WORK INSTRUCTION: From the line containing "If a film works, you" to the line containing "Horse and red" in the entries below, reproduce every line exactly, ends included. Nothing else belongs in the copy, and no pictures.

SUPPLIED MATERIAL:
==*==

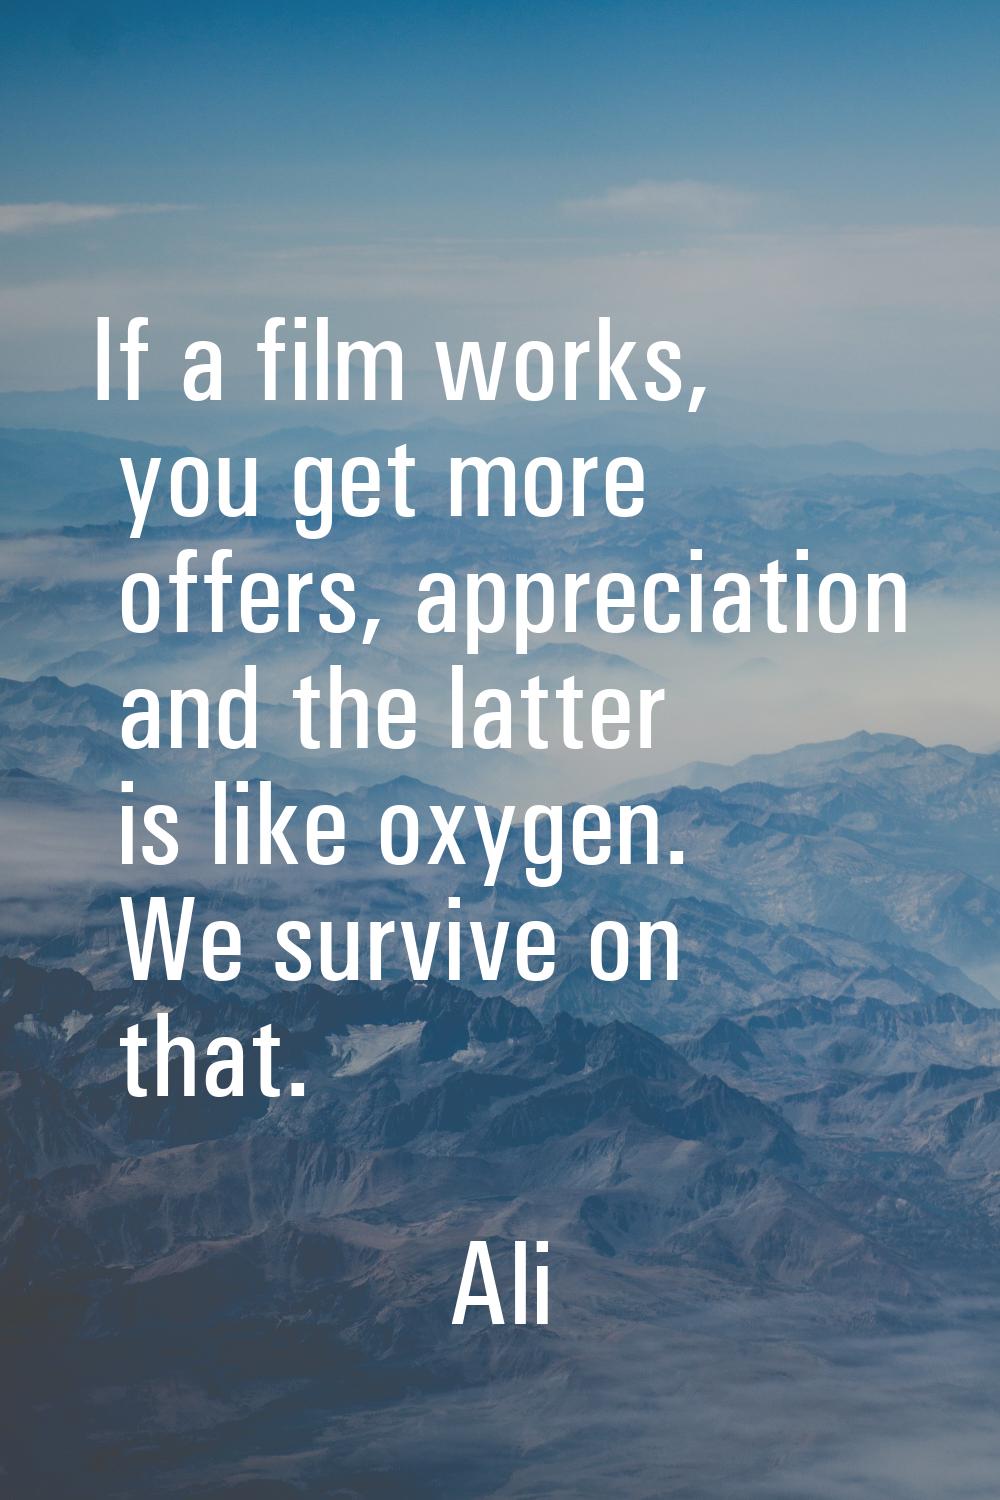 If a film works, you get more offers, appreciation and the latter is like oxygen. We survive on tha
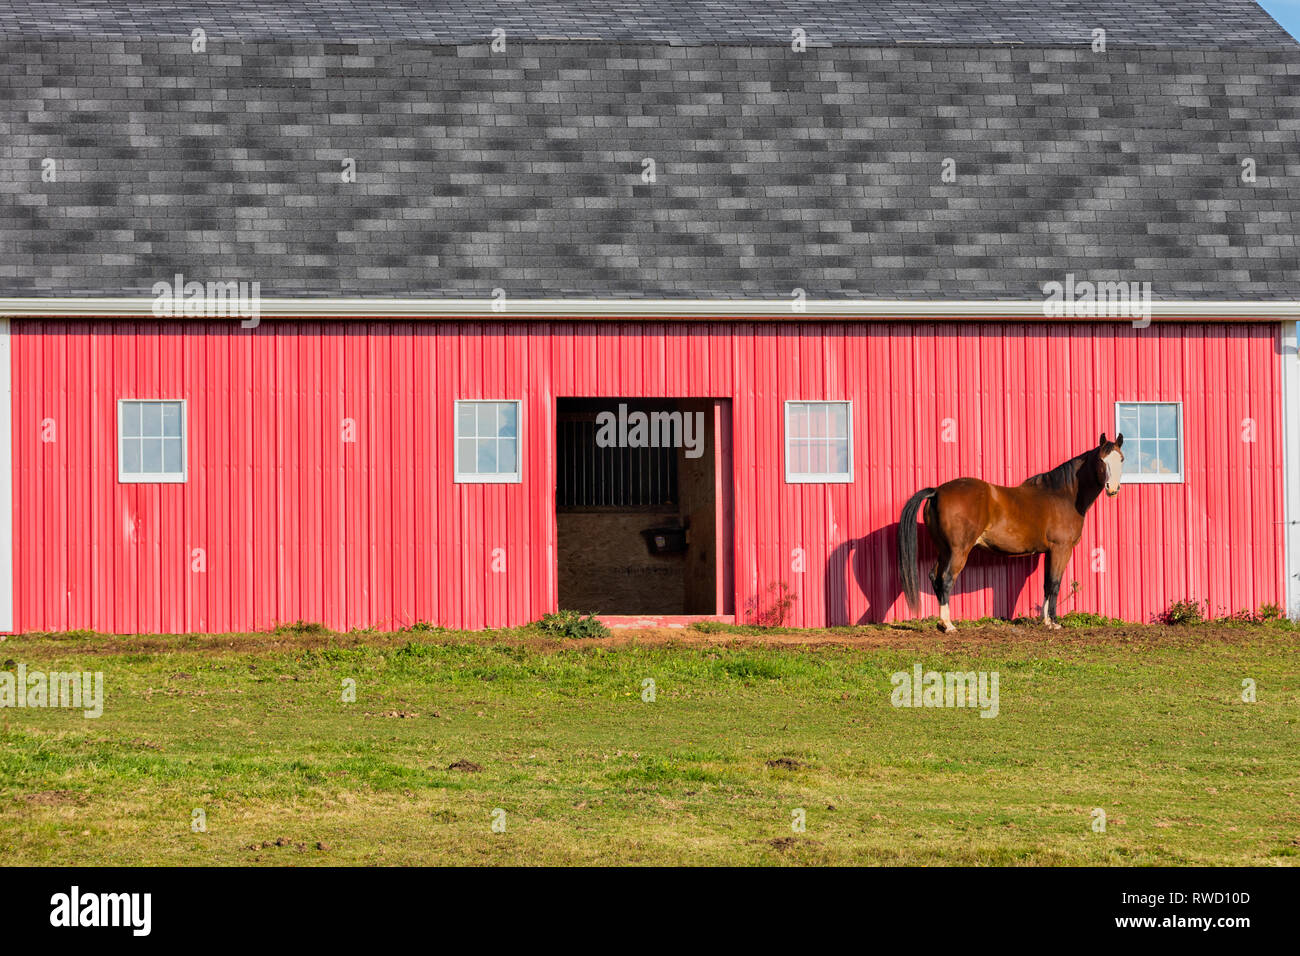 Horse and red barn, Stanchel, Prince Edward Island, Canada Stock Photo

==*==

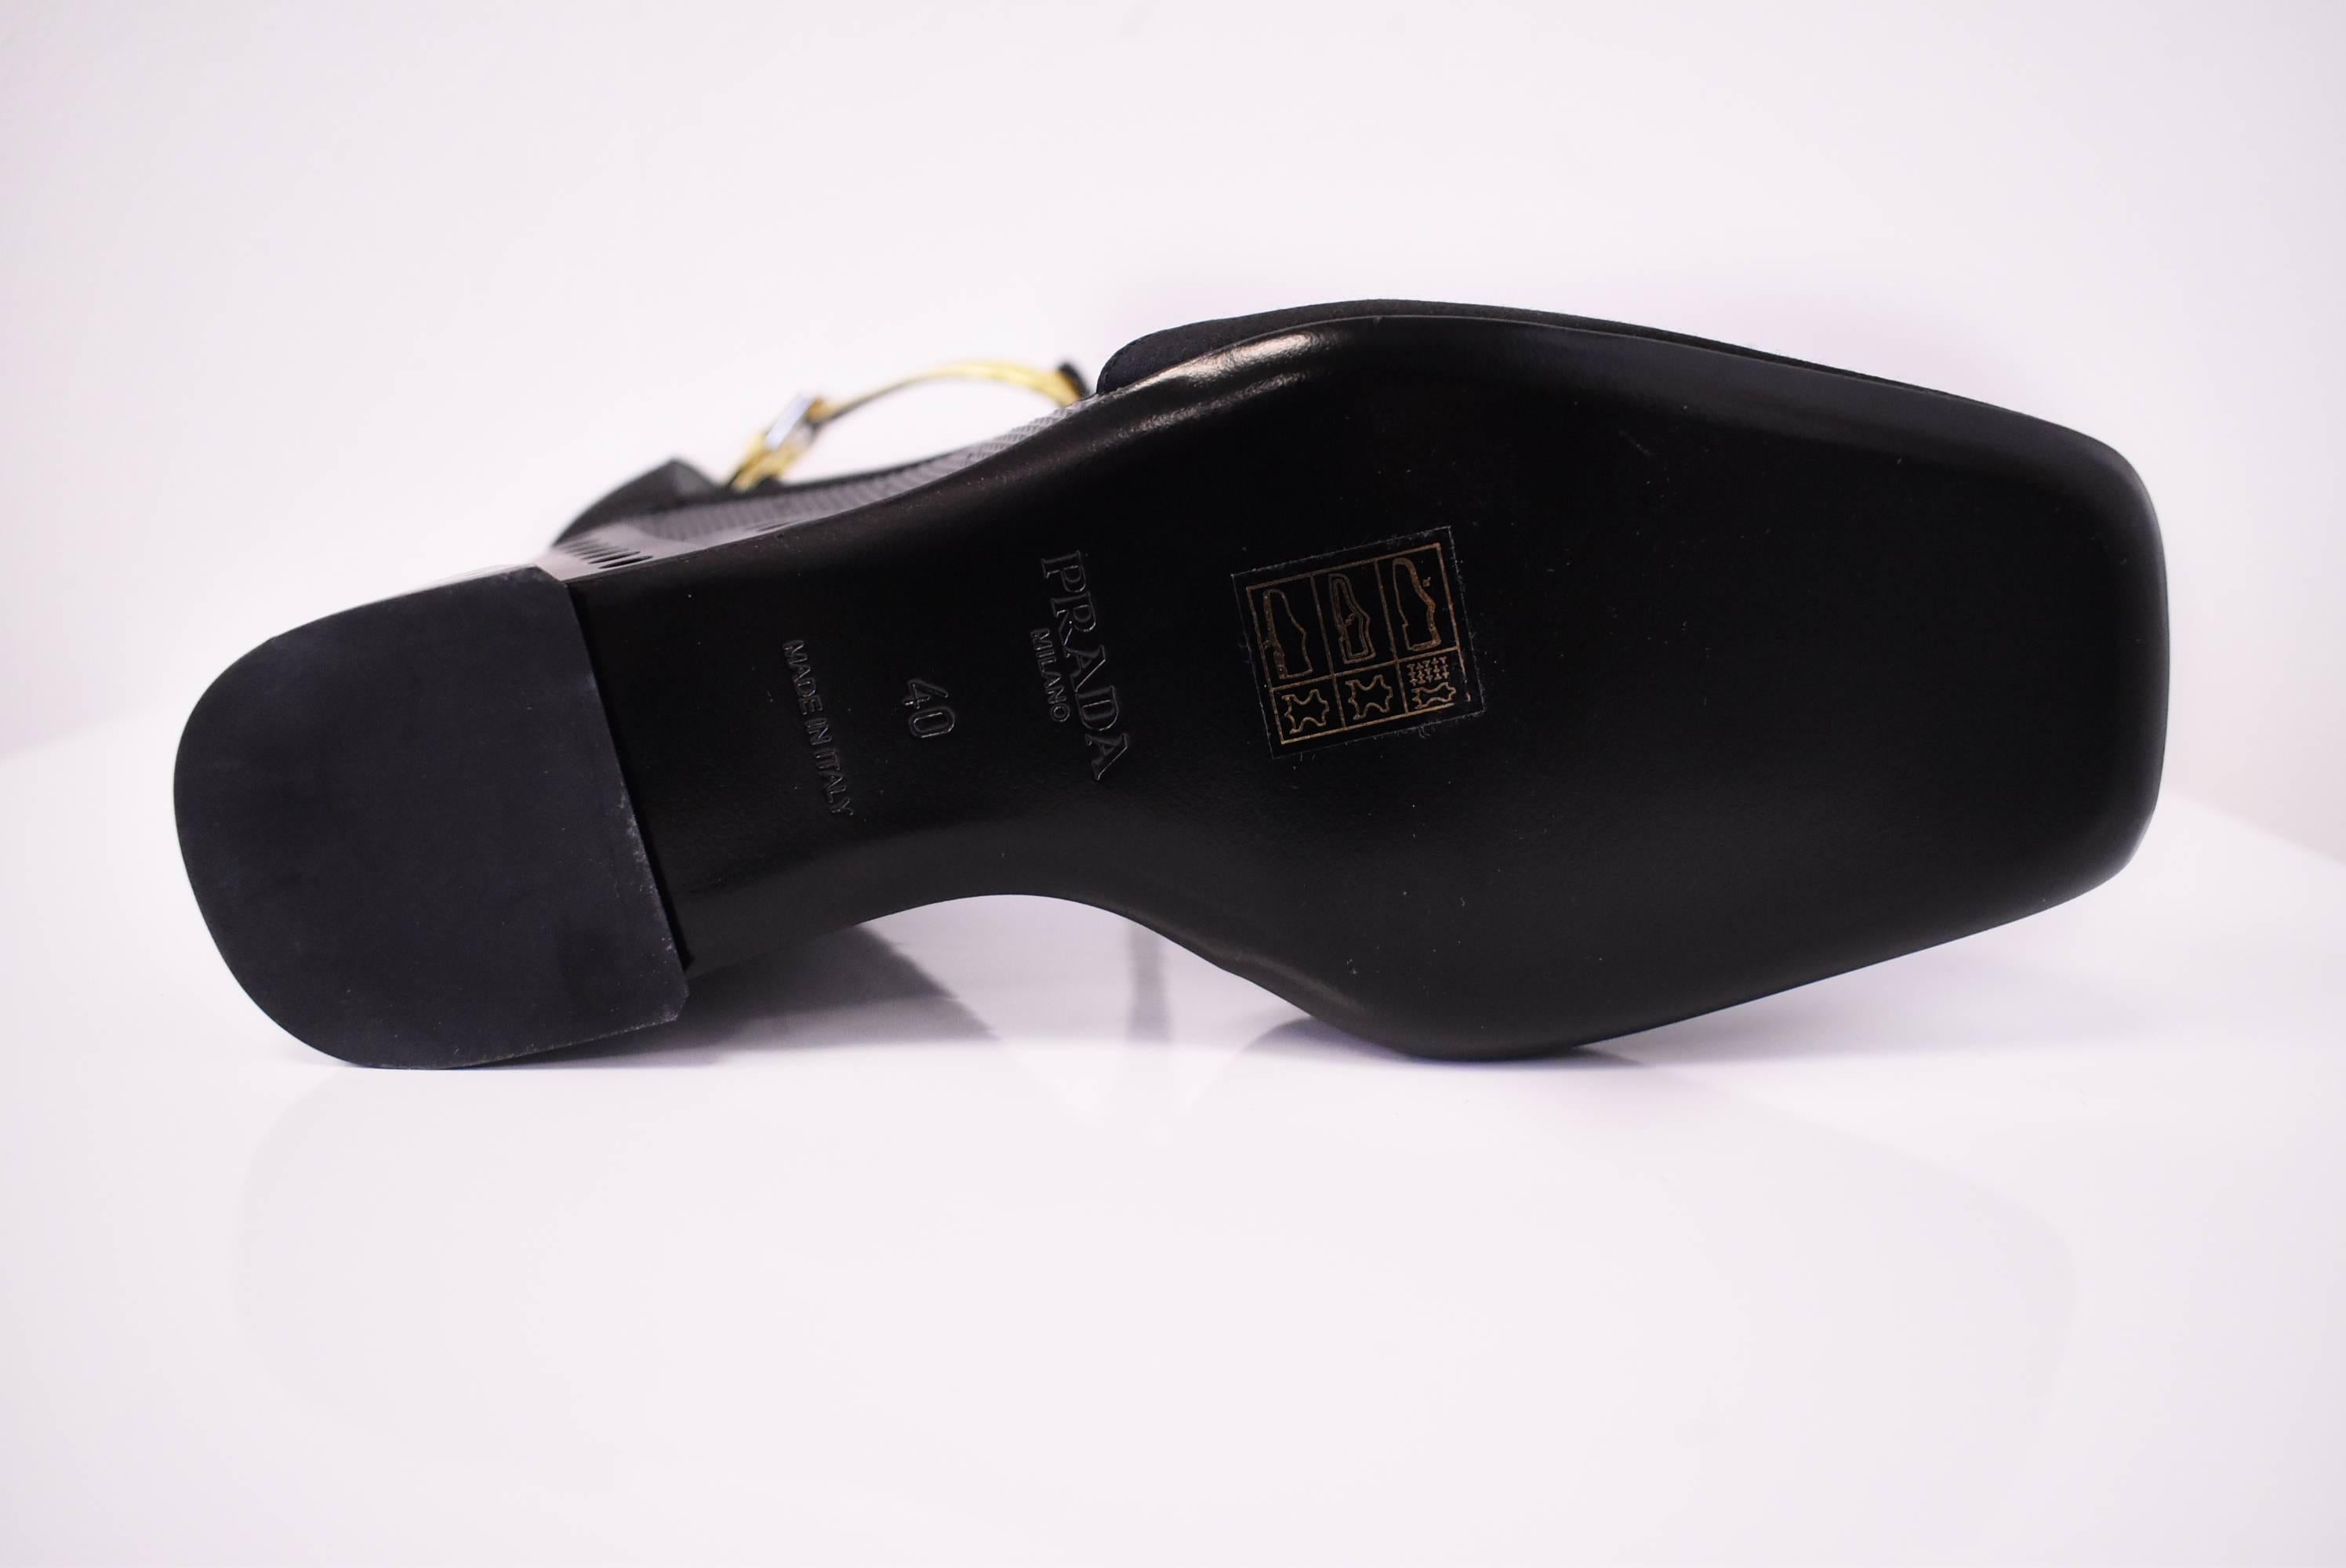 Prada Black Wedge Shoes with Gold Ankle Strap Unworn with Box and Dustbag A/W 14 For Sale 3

==*==

EXERCISE SOLUTION:
 If a film works, you get more offers, appreciation and the latter is like oxygen. We survive on tha
 Horse and red barn, Stanchel, Prince Edward Island, Canada Stock Photo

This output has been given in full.